The Malvern Hills are a natural phenomena. They are not an ancient human construction needing repair and renovation.
They have existed for millennia. Man and his domestic animals, in comparison, are newcomers. From pre-historic peoples through the monasteries and the Royal Chase to the Victorians, the Hills have changed and evolved.
The Victorians tried to tame the landscape so the aristocracy and the new rich, in pursuit of health and the Gothic vision, could climb and walk easily.
The Hills have changed and will continue to do so. Global warming will add another dimension. Trees are returning, as are old plants mixing with new.

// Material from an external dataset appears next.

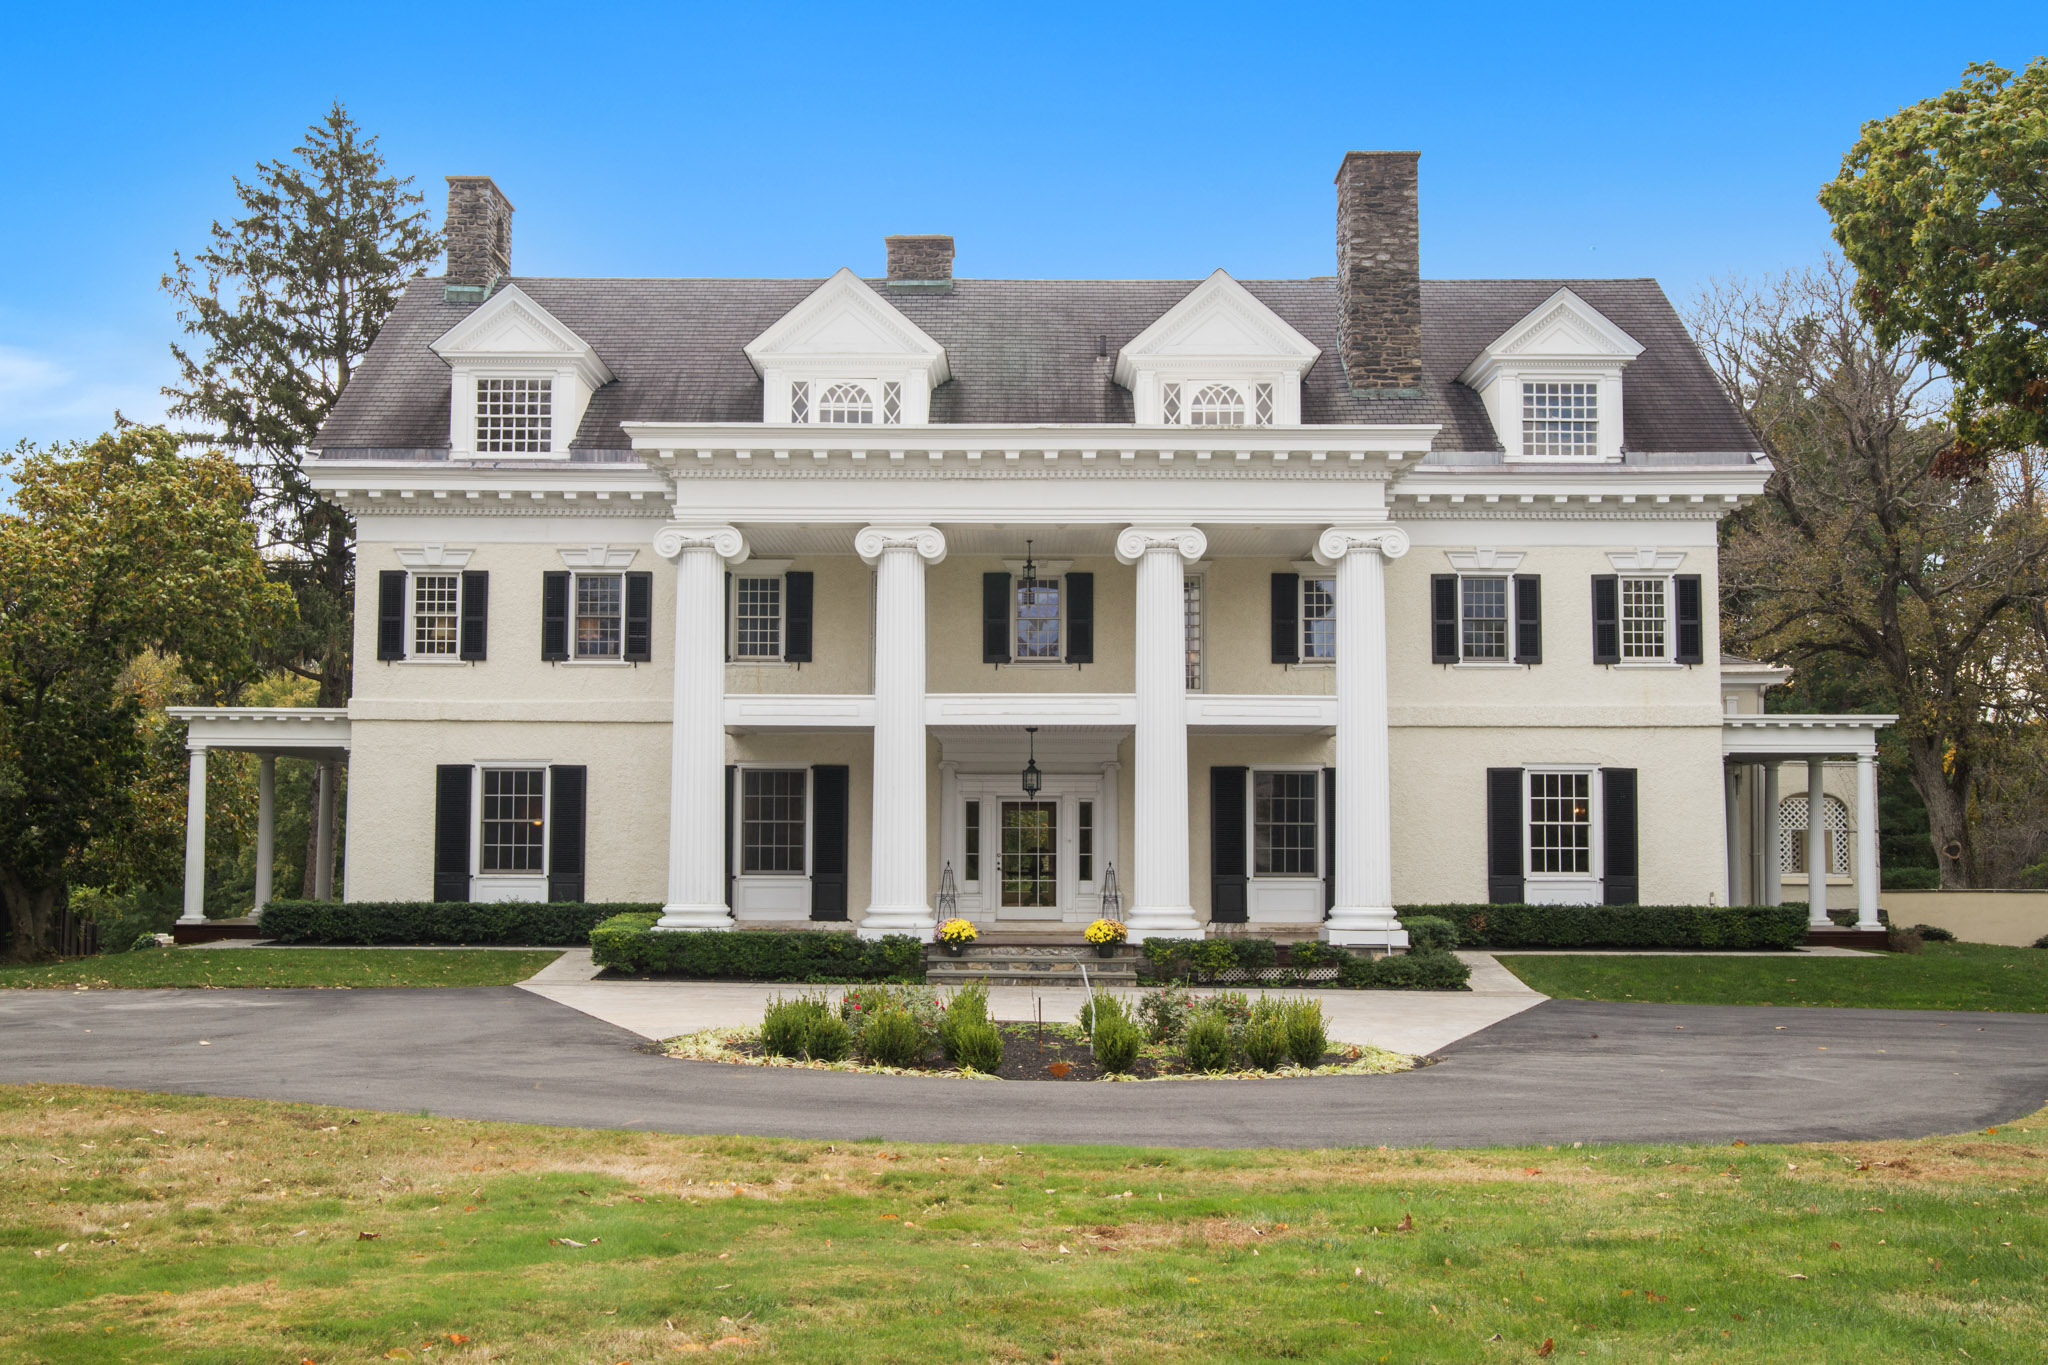 A classic mansion with Greek columns.

There are more bluebells, violets, wild strawberries, honeysuckle and many others. At least the Conservators no longer strip the path verges during the main flowering season.
We should rejoice, celebrate and enable the Hills to evolve and change, to value what is happening.
Flocks of sheep and herds of cattle to keep down the 'scrub', young trees and plants is an artificial and retrogressive action. We are not Victorians. We are in the 21st Century and, with more knowledge of ecology, should be appreciating that nature will and does reincarnate itself and respond to its own needs. Please forget the dried arrangement in its glass dome or the preservative use of aspic and watch, enjoy and nurture this remarkable landscape.
VICTORIA NEWMAN, Wells Road, Malvern.